Let me share three examples from The ComPanion's shorts.



  The door opened with a whisper. The Galactic Guardian responsible for overseeing her training walked into the room. “Hello, Almiralyn.”
  “Good turning, Chealim.”
  His expression grew somber. “I have some disturbing news.”
  Her brows arched. “News?”
  “The Mocendi League has begun a search for you. You hold the keys to The Unfolding, to the maturing of the entire Inner Universe. You must remain attentive at all times.”
  A kiss brushed her forehead. Light flared. The Galactic Guardian vanished.
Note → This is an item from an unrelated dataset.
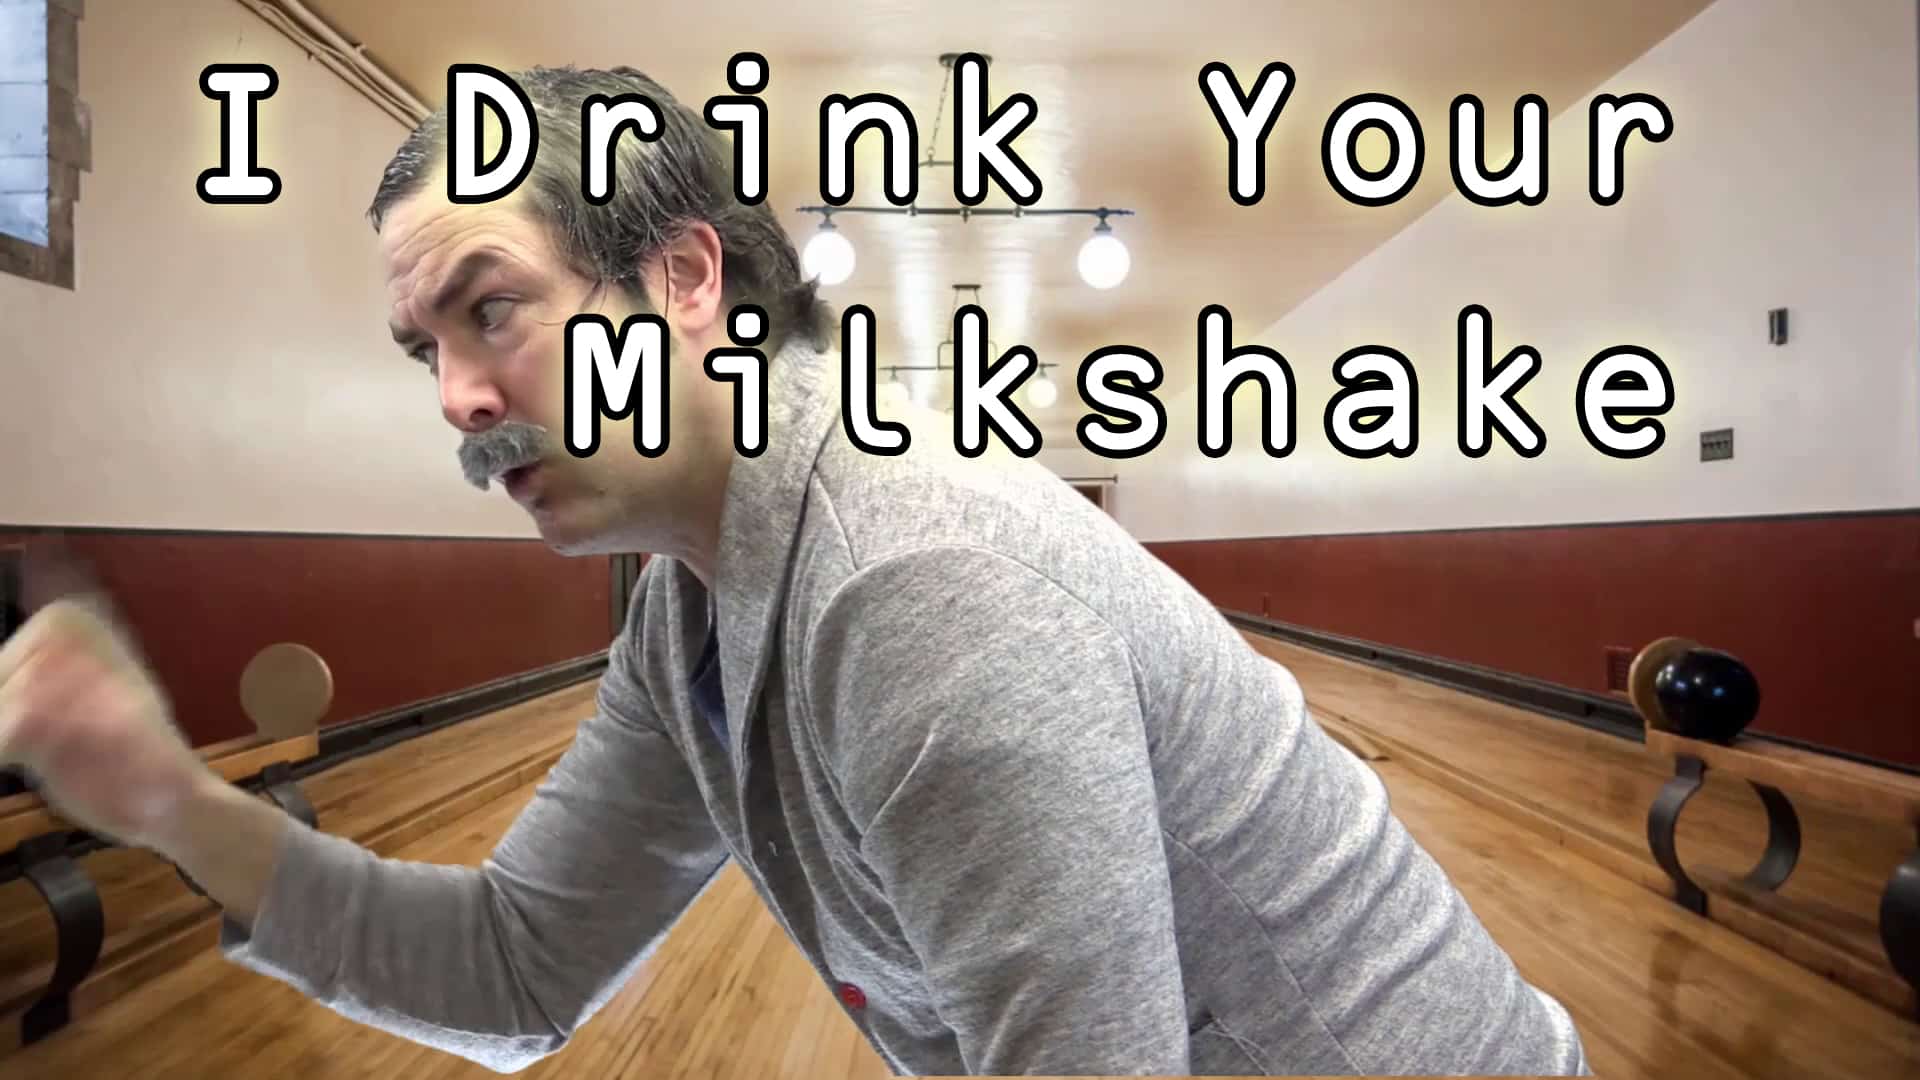 i drink your youtube fishing milkshake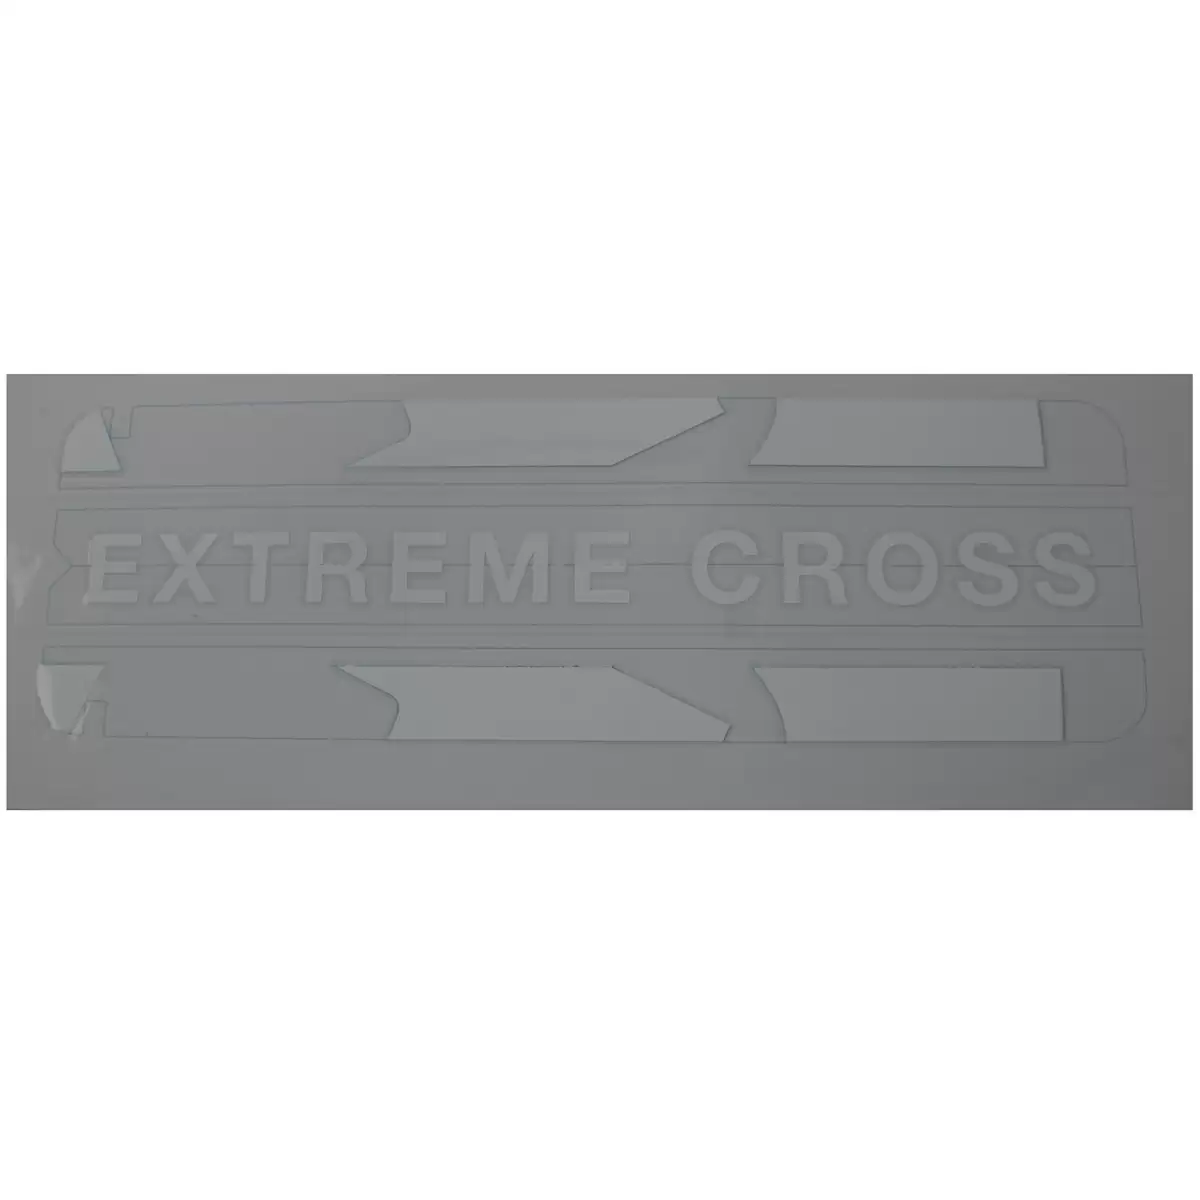 Batteriedeckelaufkleber Extreme Cross weiß - image

  “What the . . .” Wolloh stared at his surroundings—dirt and cobwebs, musty old hay, the tumble of boards that made up the remains of an ancient shed had replaced the cottage... the cottage he had fallen asleep in.
  Rain dripped from overhead. Wind found its way through every crack and cranny. “Velar?”
  The lack of answer sent a shiver up his spine. Was last night a dream? He glanced at his pack . . . A small book with a tattered, scarlet cover rested next to it. The title, The Art of DiMensionery and The Order of Esprow, was etched in gold. Wolloh glanced around the interior of the shack. Last night . . . Velar was here. He looked back at the book. He left this for me.


  Clawed talons clicked a rhythmic cadence on the ice-black floor, then ceased. Abarax studied him, its cherubic features inscrutable. Seeming satisfied with what it saw, it passed him a document with The MasTer’s seal imprinted on the folded edge.
  Relevart flipped the document over and read the words scripted there. For Rethdun’s Eyes Only. He glanced at the Astican. “Thank you, Abarax.”
  It bowed and left.
  He pressed his thumb to the seal and whispered, “Dubinn Stersec.”
  The document fell open . . . A careful study of the contents left his brow furrowed and his thoughts in a whirlwind. Laying the document on the table, he steepled his fingers and tapped his chin. “My, my, dear Rayn, what a conundrum you have created.”

In the beginning, I imagined the trilogy would reach out mostly to young adult fantasy fans. To the contrary, it is proving ageless in its appeal. Whether readers are 9, 90, or anywhere in between, it pulls them into its stories. Then I received The ComPanion and pored over its revelations. Curiosities that had arisen while reading the three novels were satisfied. Unique words coined to fit the story took on new power as I learned their full meanings and derivations. Characters, already robust and well-rounded in the trilogy, stepped off the pages to share the triumphs and tragedies that made them who they were. Ideally, readers should use The ComPanion as a tool, an accompaniment to each volume of the trilogy, a reference for both main characters and the original vocabulary describing inhabitants and locales of the Inner Universe.

I highly recommend The ComPanion, as well as the trilogy, to all who love great stories with strong, diverse characters and compelling plots. You will not be disappointed. All the books, including The ComPanion, are available on Amazon.

~ Edited and Reviewed by Linda Lane. This series of books introduced me to the fascinating world of fantasy, a place I had never before visited. I was enthralled.

Author S.K. Randolph grew up in Bermuda, where from an early age she channeled her creative talents into ballet. Her career in dance spanned forty years and took her from performing to teaching, choreographing, and directing, including as Director of Dance at Interlochen Center for the Arts.

She now lives with her partner on a boat home ported in Sitka, Alaska, and spends her time writing and creating digital art. Together, they explore the waters of southeast Alaska and in the words of Thoreau, strive “to live deliberately.”